Pada tanggal 18 september 2013 korban akhirnya meninggal dunia
dan keluarga korban melaporkan kasus ini ke mapolres pamekasan.
Dari antarajatim.com tanggal 26 september 2013 diberitakan tim
penyidik polres pamekasan menjerat pasal berlapis pada oknum perawat B
yang teryata perawat IGD RSD.Pamekasan karna terbukti melakukan
malpraktik hingga menyebabkan pasienya meninggal dunia. Oknum B
juga mengaku sebagai dokter sepesialis bedah dan membuka praktik
pengobatan yang seharusnya hanya dilakukan dokter.
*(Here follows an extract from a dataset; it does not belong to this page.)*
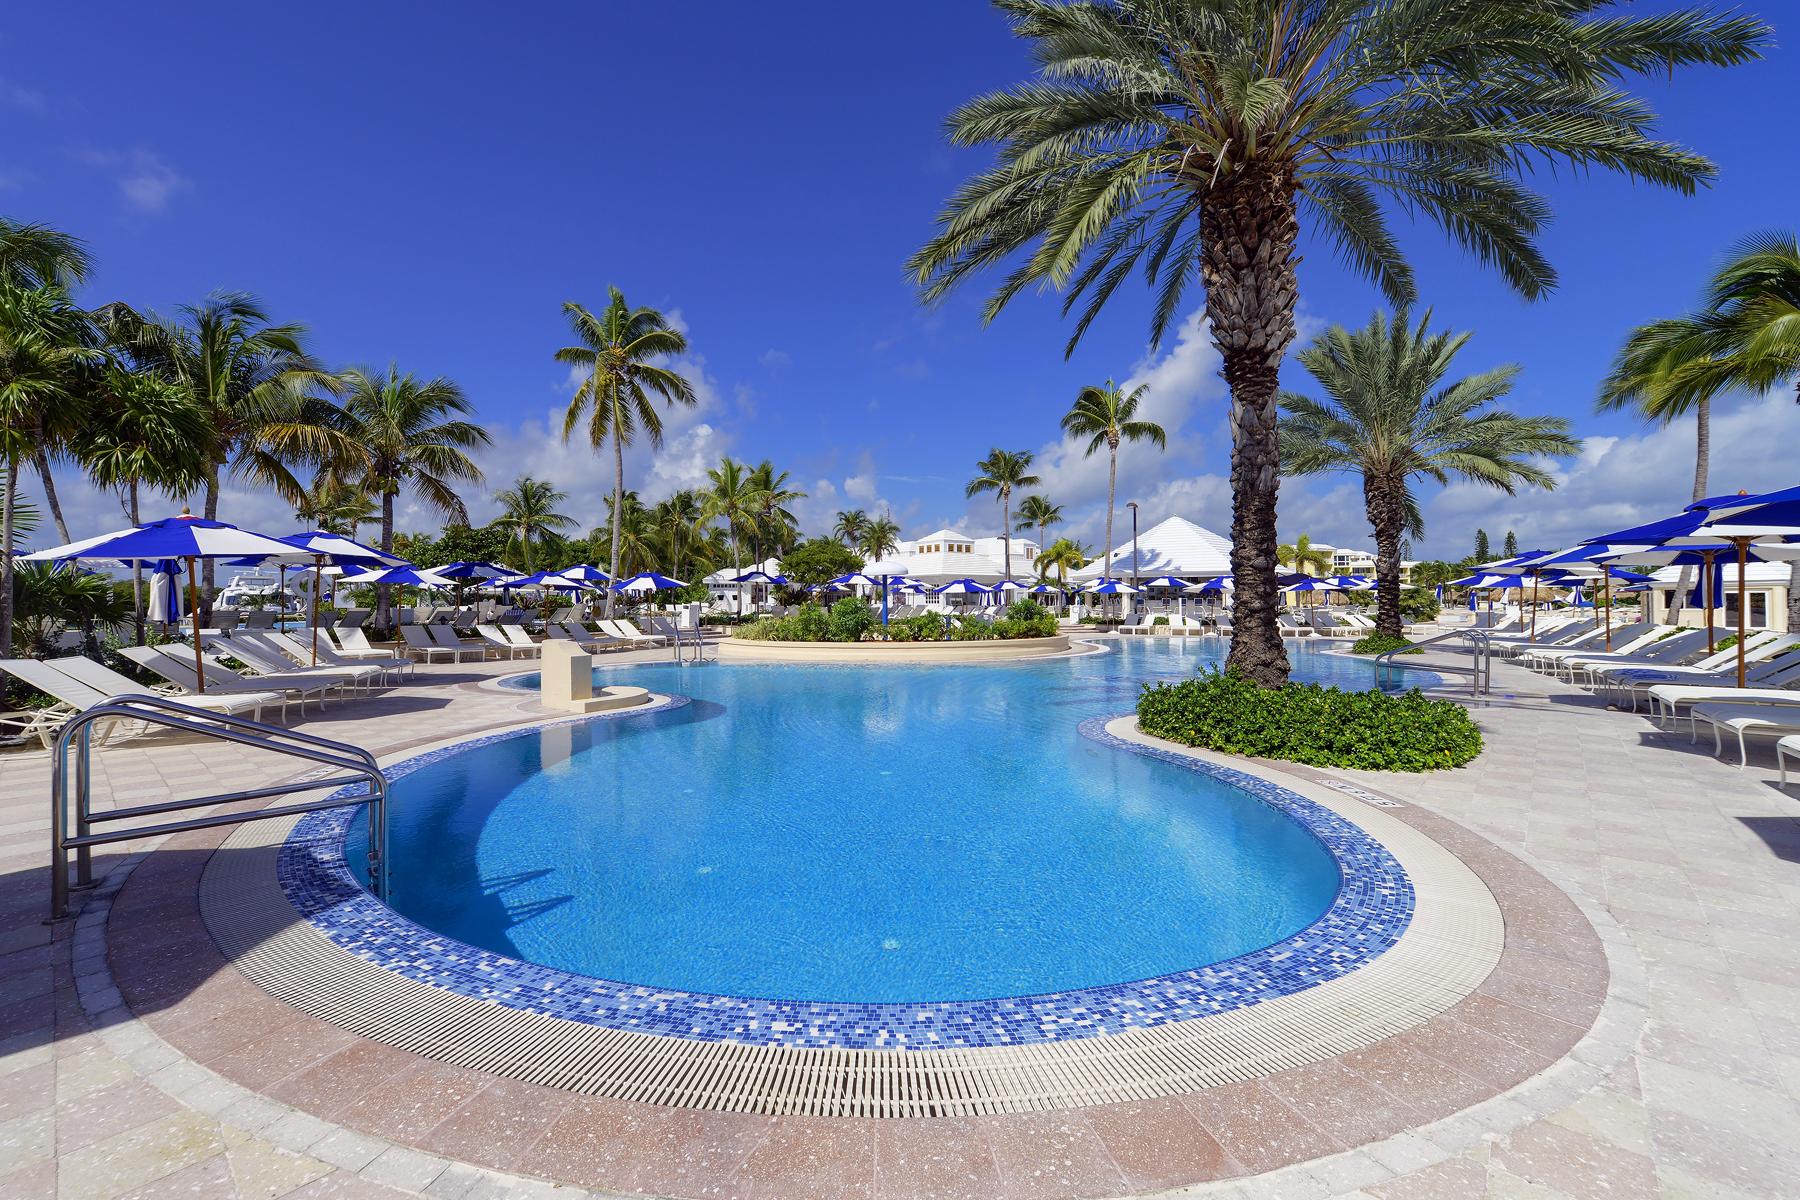 Additional photo for property listing at Marina Village Living at Ocean Reef 17 Marina Drive, Unit A Key Largo, Florida 33037 Usa

Polisi menjerat oknum perawat B dengan pasal 73 junto pasal 78
UURI nomer 29 tahun 2004 tentang praktik kedokteran dan pasal 106
junto pasal 197 UURI nomer 36 tahun 2009 tentang kesehatan.
Menurut koranmadura.com tertanggal 10 oktober 2013 PPNI
pamekasan jawa timur akhirnya memberi sangsi kepada oknum perawat
B, setelah terbukti melakukan malpraktik hinga menyebabkan pasienya
lumpuh dan akhirnya meninggal dunia.
Sangksi yang diberikan berupa mencabut izin praktik mandirinya.
Walaupun perawat diperbolehkan membuka praktik mandiri diluar tugas
dinasnya selama sesuai dengan prafesinya sebagai perawat, tapi praktik
yang dilakukan oknum B menyimpang dari profesinya bahkan mengaku
sebagai dokter bedah dan melakukan tindakan pembedahan selayaknya
dokter bedah.
Kendatipun telah mendapat sangsi , PPNI tetap memberikan
pendampingan dipengadilan apabila dibutuhkan.